**Exercise objective**
Would you transcribe only the lines below, from the one containing "Bacon Liu — Moss Packaging" through the end of the material, exactly and with no pictures?

**Data shown**

++++++

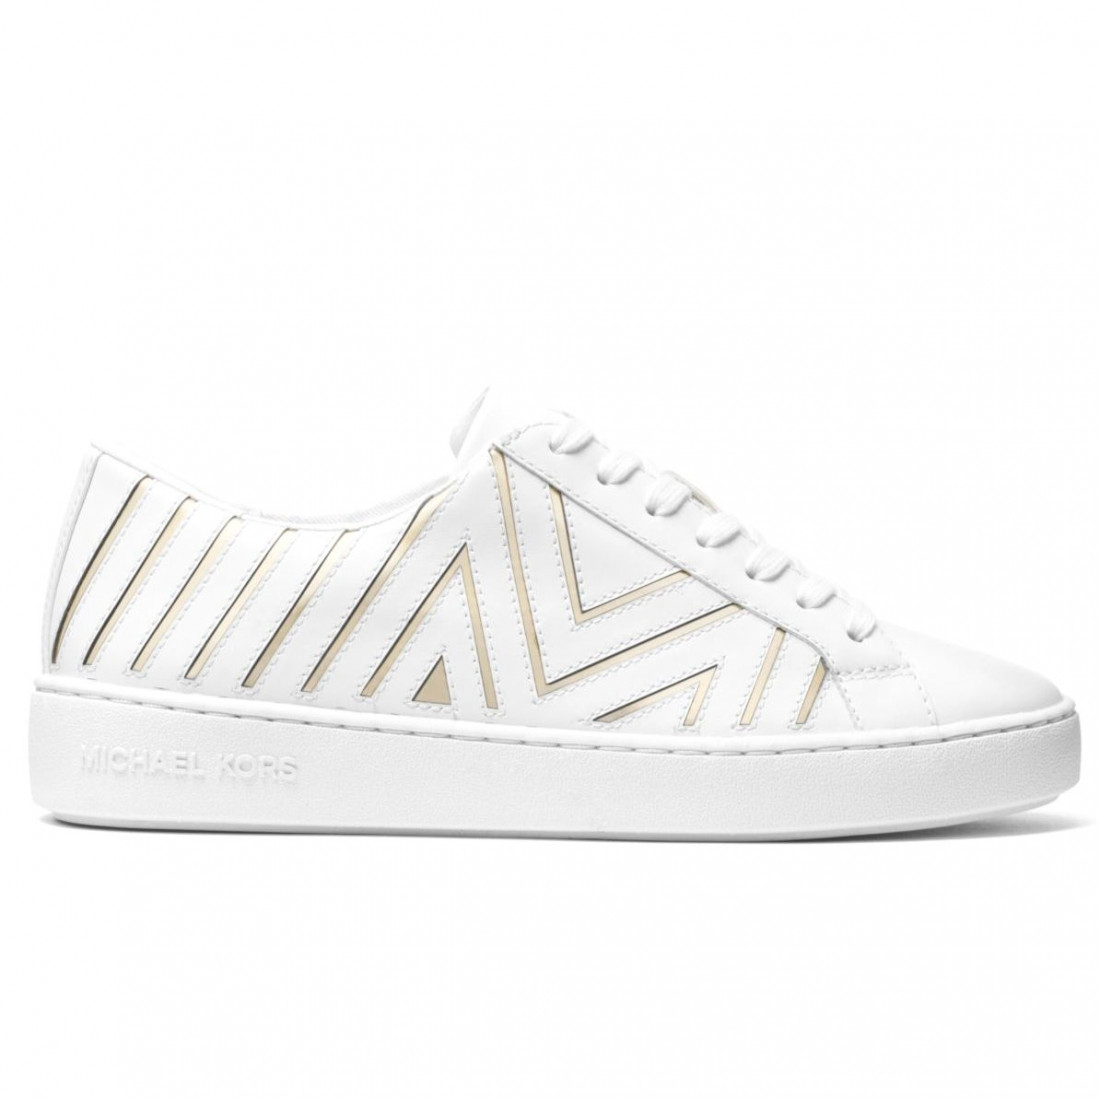 sneakers woman michael kors 43r9whfs4l751 6564
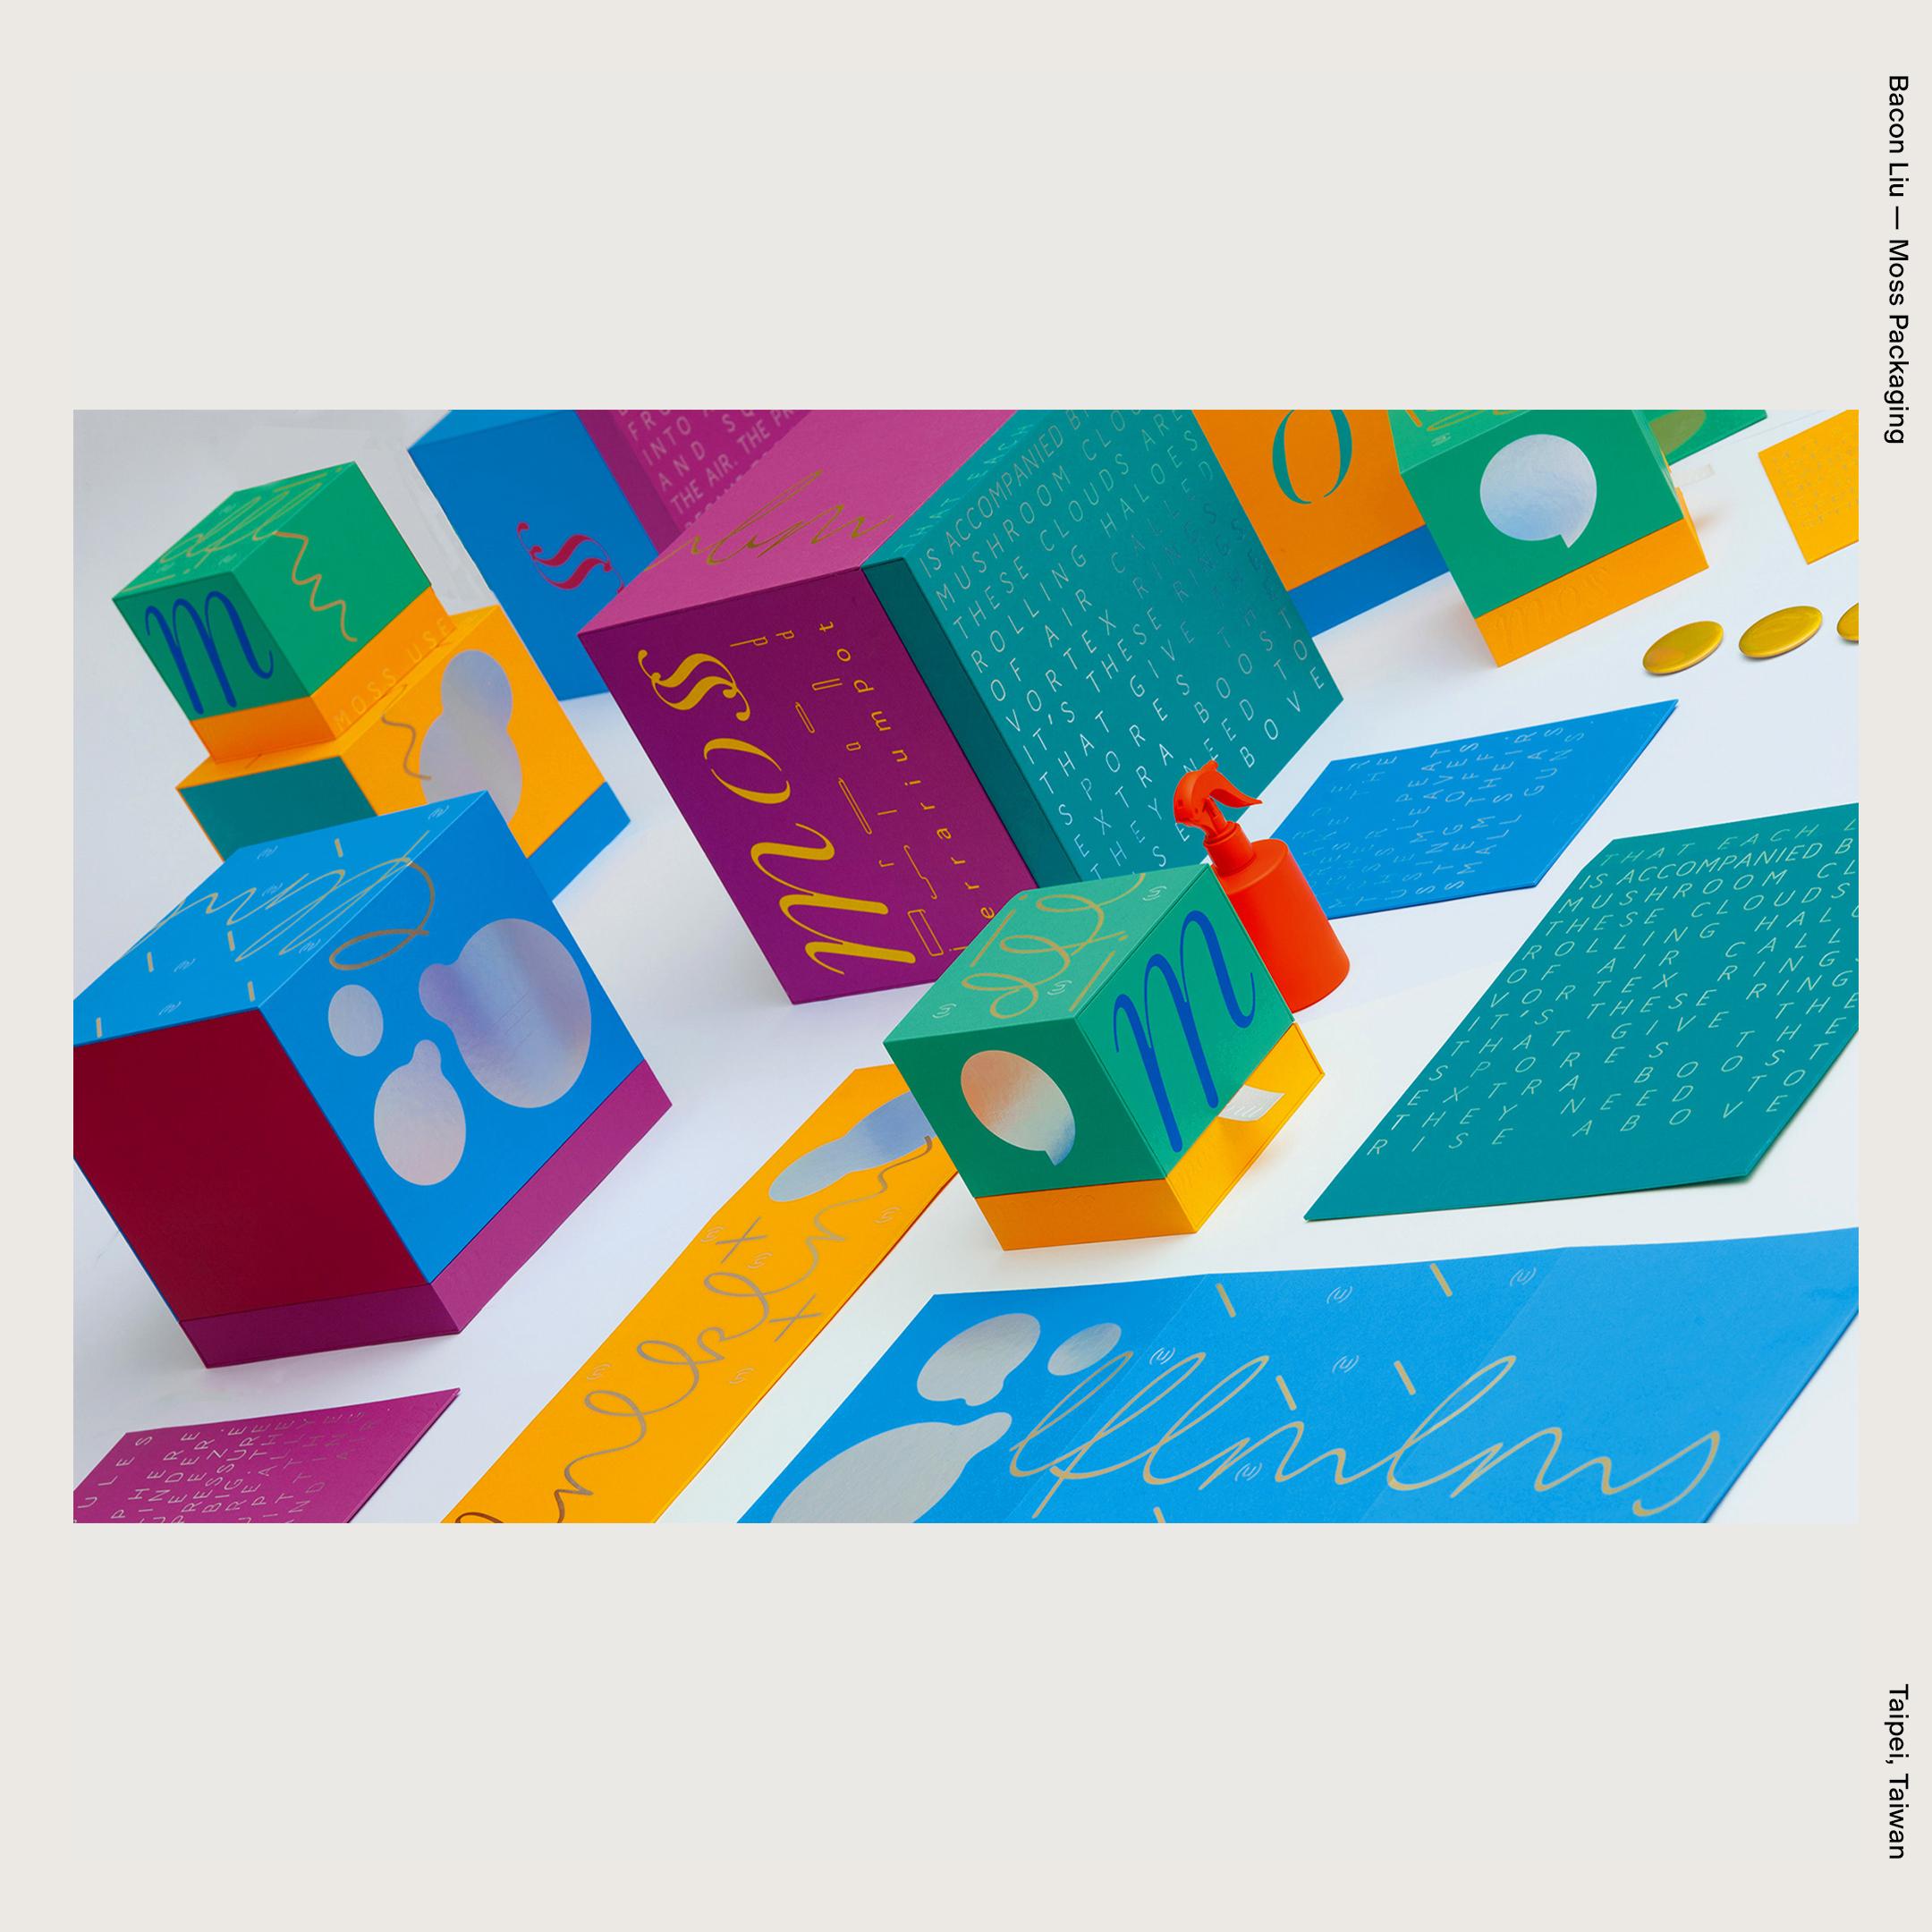 Bacon Liu — Moss Packaging
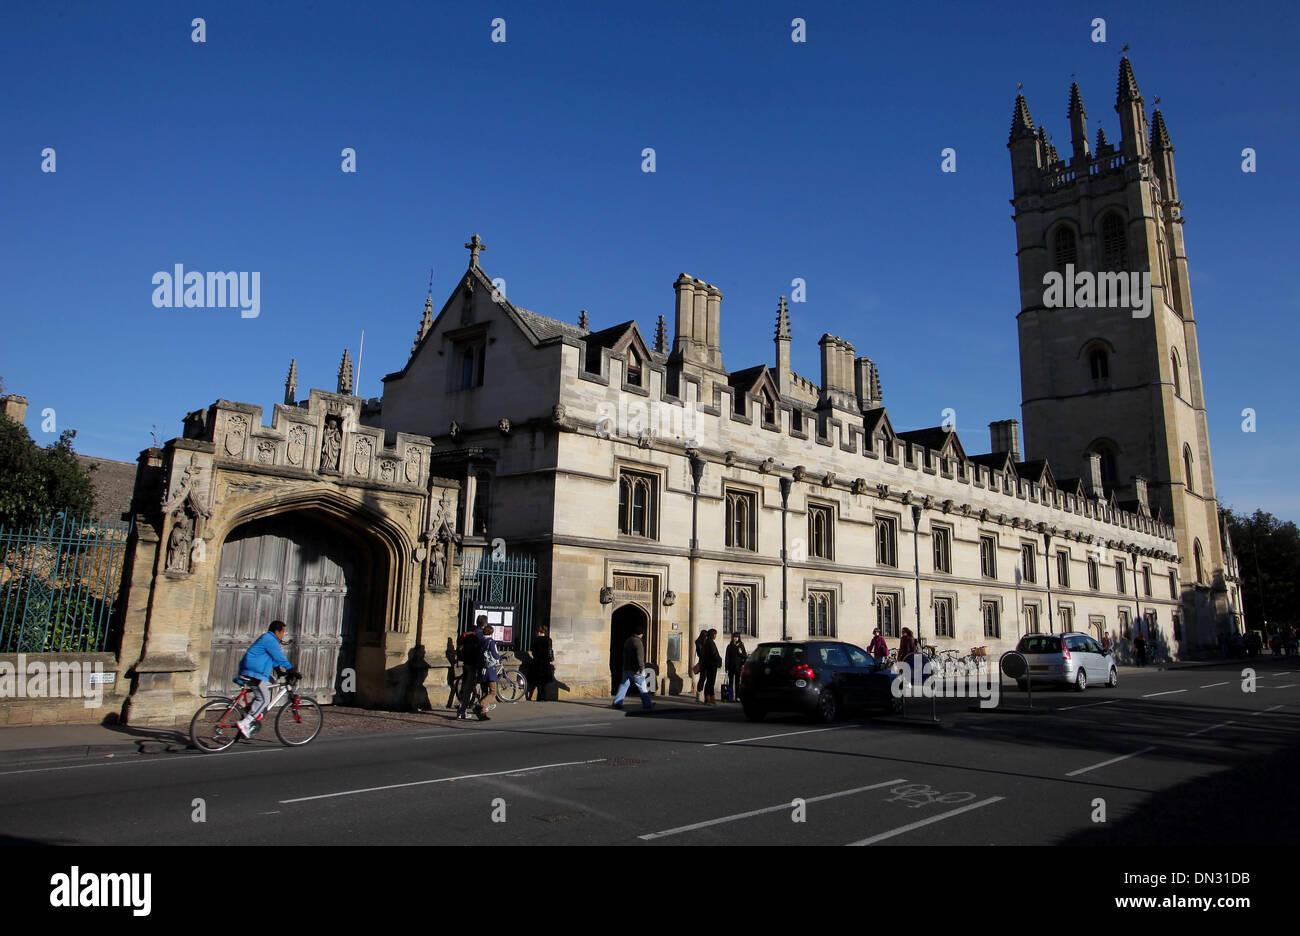 GV de l'historique bâtiment de l'Université d'Oxford. Photo Stock

++++++

**Answer area**
 Bacon Liu — Moss Packaging
 GV de l'historique bâtiment de l'Université d'Oxford. Photo Stock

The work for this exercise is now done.